Nanostructure have received much attention because of their novel properties, which differ from those of bulk materials [4,5]. Control of dimension and morphology of material has aroused the interest of researchers in the design of functional device due to the optical and electronic properties of nanometer and micrometer sized material which determine their application, can be adapted by varying their size and shape [6]. Zinc Oxide (ZnO), a versatile semiconductor material has been attracting attention because of the commercial demand for optoelectronic devices operating at the blue and violet regions [7]. ZnO is quartzite type semiconductor with band gap energy of 3.37 eV and it has very large excitation binding energy (60 meV) at room temperature [8]. Recently special attention has been devoted to the morphology as ZnO can from different nanostructure [9-11]. Thermal stability irradiation resistance and flexibility to form different nanostructure are the advantages that expedite its potential wide application in photo detectors, surface acoustic wave device, ultraviolet nano-laser, varistors, solar cell, gas sensor, biosensor, ceramics, field emission, and nano-generator [12-21].

Materials and Methods

Experimental work

ZnO nanoparticles were synthesized using chemical precipitation method. In a typical synthesis 13 g of zinc acetate dehydrate Zn(CHOO)₂.2H₂O was dissolved in 0.6 M methanol solution under the continuous stirring. The mixed solution was stirred with a magnetic stirrer at 80℃ for 2 hour to form a transparent solution. Then the pH was adjusted with ammonia between 9 and 11. After adjusting the pH by using the pH meter. Then the solution was dried at 100℃ for 1 hour and then the temperature was increased up to 150℃ until the precipitate occurred. The white precipitate formed after the evaporation was filtered washed with methanol 3-4 times. Then the dried at room temperature. Then after the power sample are grind using the pastle and mortar to get homogenious particles. After drying the powder sample was heated in an oven at 500℃ temperature. Achieved by the oven after 3 hours. Then the temperature kept constant at 500℃ for 3 hrs. After heating for 3 hrs the further was cooled to room temperature. Then after the powder sample are grind using pestle and mortar to get homogenious particles.

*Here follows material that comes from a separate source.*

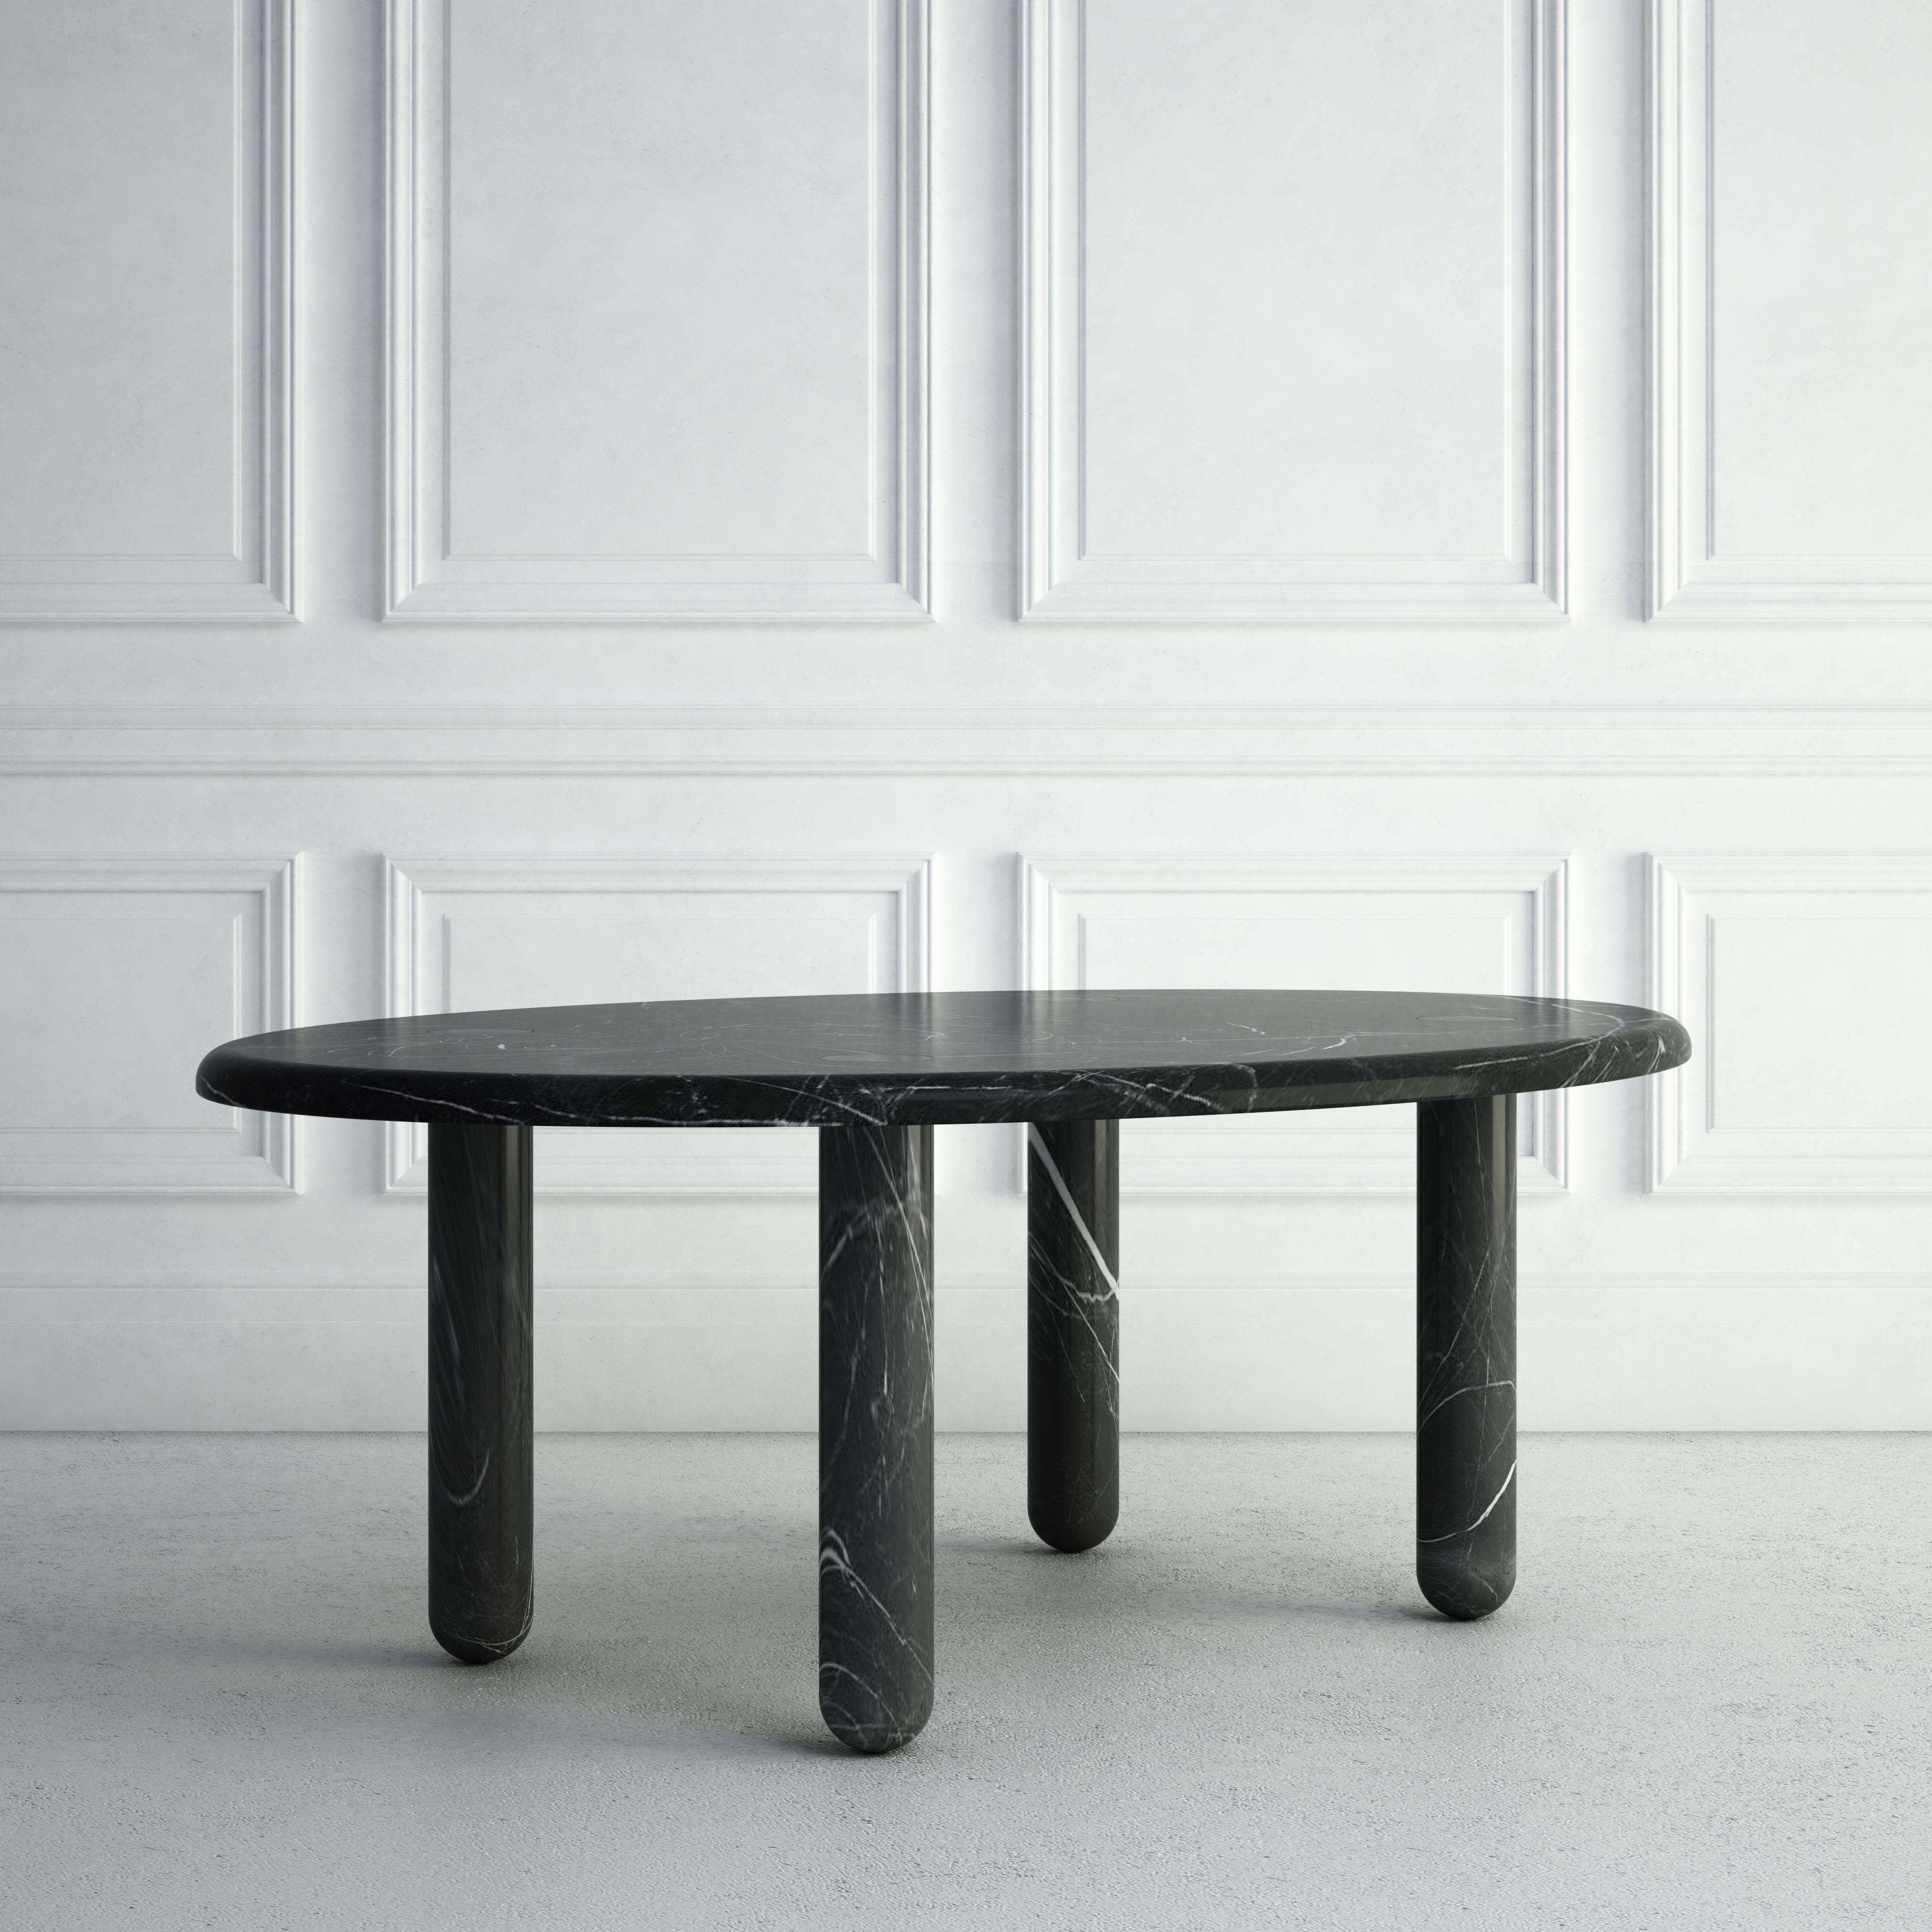 La Delphine est une table de salle à manger moderne et gracieuse. Le dessus est une dalle de pierre ovale sculptée, avec des bordures subtiles. Chacun des quatre pieds est sculpté dans une forme cylindrique fine, dont le bas est légèrement arrondi.

Figure 1 shows the experimental figures of the ZnO nanoparticles synthesized by the co-precipitation method.

Basic diagram prepared nanoparticles

The block diagram shows the overall process done to produce the Zinc Oxide (ZnO) nanoparticles by co-precipitation method precursor materials are zinc acetate dissolved in 0.6 M methanol. We already discussed the overall process earlier. Then the obtained sample materials were characterized by the SEM and FTIR spectroscopy (Figure 2).

Results and Discussion

Figure 3 shows the FTIR spectra of the ZnO nanoparticle sample. For the IR spectra, a series of absorption peaks from 400 cm^-1 to 4000 cm^-1 can be found. Metal oxides generally give absorption bands in fingerprint region i.e. below 1000 cm^-1 arising from interatomic vibrations. The peak at 420 cm^-1 is the characteristic absorption of Zn- O bond. To be more specific, a broad band at 3393 cm^-1 is assigned to the O-H stretching mode of hydroxyl group. Peaks between 1680 cm^-1 and 3000 cm^-1 are due to C-H stretching vibration. The peaks observed at 1560 cm^-1 and 1432 cm^-1 are due to the asymmetrical and symmetrical stretching of the zinc carboxylate, respectively. Together this suggests that these FTIR identified impurities mainly exist near ZnO surfaces. This result is a good agreement with other works.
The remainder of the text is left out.